One of Putin’s more successful maneuvers has been a tactical alignment with China. After suffering Western sanctions for his attack on Ukraine, Putin declared China as “our key strategic partner.” In return, President Xi Jinping declared Putin “my best friend and colleague.” Traditional balance-of-power politics would predict such a response to American primacy in power resources. And there is historical precedent in the 1950s when China and the Soviet Union were allied against the United States. During Hal Sonnenfeldt’s period in government and after Nixon’s opening to China in 1972, the triangle worked the other way, with the United States and China cooperating to limit what both saw as a threatening Soviet power. That alignment ended with the collapse of the Soviet Union. In 1992, Russia and China declared their relations a “constructive partnership,” in 1996, a “strategic partnership,” and in July 2001 they signed a treaty of “friendship and cooperation.” They have cooperated closely in the U.N. Security Council and taken similar positions on international control of the internet. The have used various diplomatic frameworks such as the BRICS and the Shanghai Cooperation Organization to coordinate positions. They now share non-nuclear military technology and conduct joint exercises.

Nonetheless, there are serious obstacles to a close alliance between China and Russia that goes much beyond tactical coordination. A residual mistrust persists. The demographic situation in the Far East, where the population on the Russian side of the border is 6 million, and on the China side is up to 120 million, creates a degree of anxiety in Moscow. In the 19th century, no country took more land from China than did Russia.

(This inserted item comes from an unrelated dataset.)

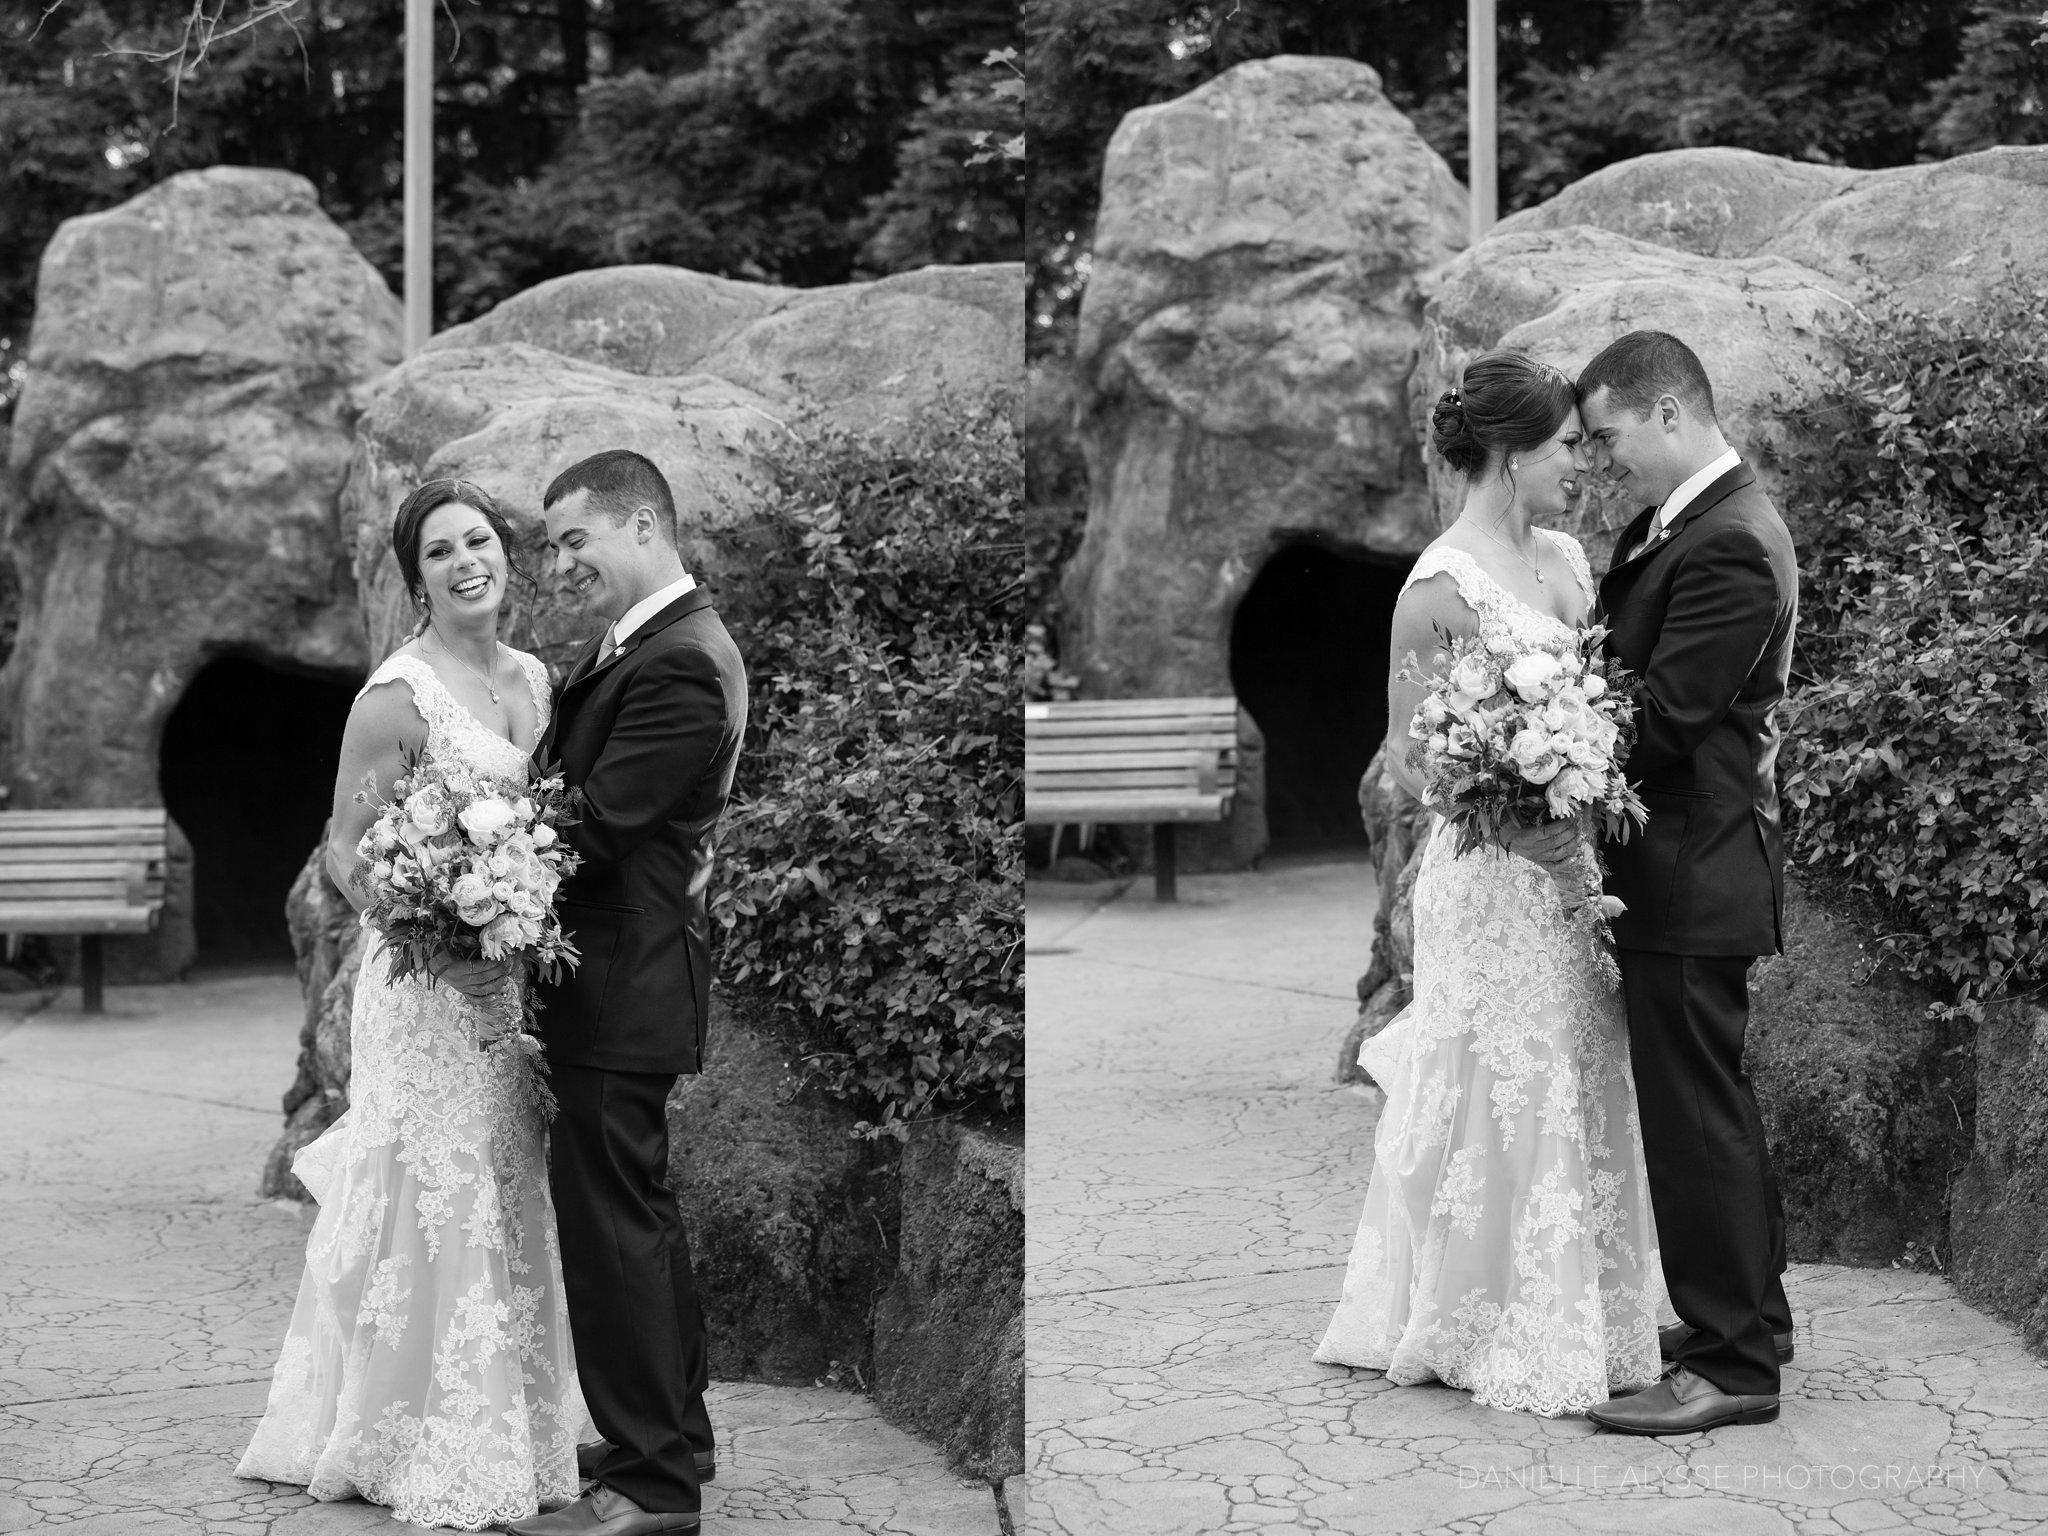 170429_blog_kimberly_ben_wedding_san_mateo_curiodyssey_danielle_alysse_photography_sacramento_photographer0384_WEB.jpg

Russia’s economic decline has increased its concern about the rise of Chinese power. While trade has increased, investment lags, and Russia ranks only 10th among China’s export markets while China buys Russian oil. Russia worries about becoming the junior partner as it becomes more dependent on China than China is on Russia. According to Feng Yujun of Fudan University, “the most important relationship for us is the one with America. We don’t want to repeat the mistakes of Stalin and Mao.”

Can America take comfort in the decline of Russia and treat it like a second-rate power? I suspect a smart realistic diplomat like Hal Sonnenfelt would warn us against such an approach. After all, declining powers tend to be more risk acceptant as we saw with Austro-Hungary in 1914. They have less to lose than rising powers like China do. Russia still poses a potential threat to the U.S., largely because it is the one country with enough missiles and nuclear warheads to destroy the United States, and its relative decline has made it more reluctant to renounce its nuclear status.

Even a declining Russia possesses enormous scale, an educated population, skilled scientists and engineers, and vast natural resources. It seems unlikely that Russia would again possess the resources to present the same sort of balance to American power that the Soviet Union presented during the four decades after World War II, but that does not end the Russia problem. Whatever the outcome, because of its residual nuclear strength, its oil and gas, its skills in cyber technology, its proximity to Europe, and the potential of alliance with China, Russia will have the resources to cause problems for the United States, and Putin’s reliance on populist nationalism provides an incentive. As sophisticated students of international relations like Hal Sonnenfeldt understood, history has surprises and declining powers merit as much diplomatic attention as rising ones do.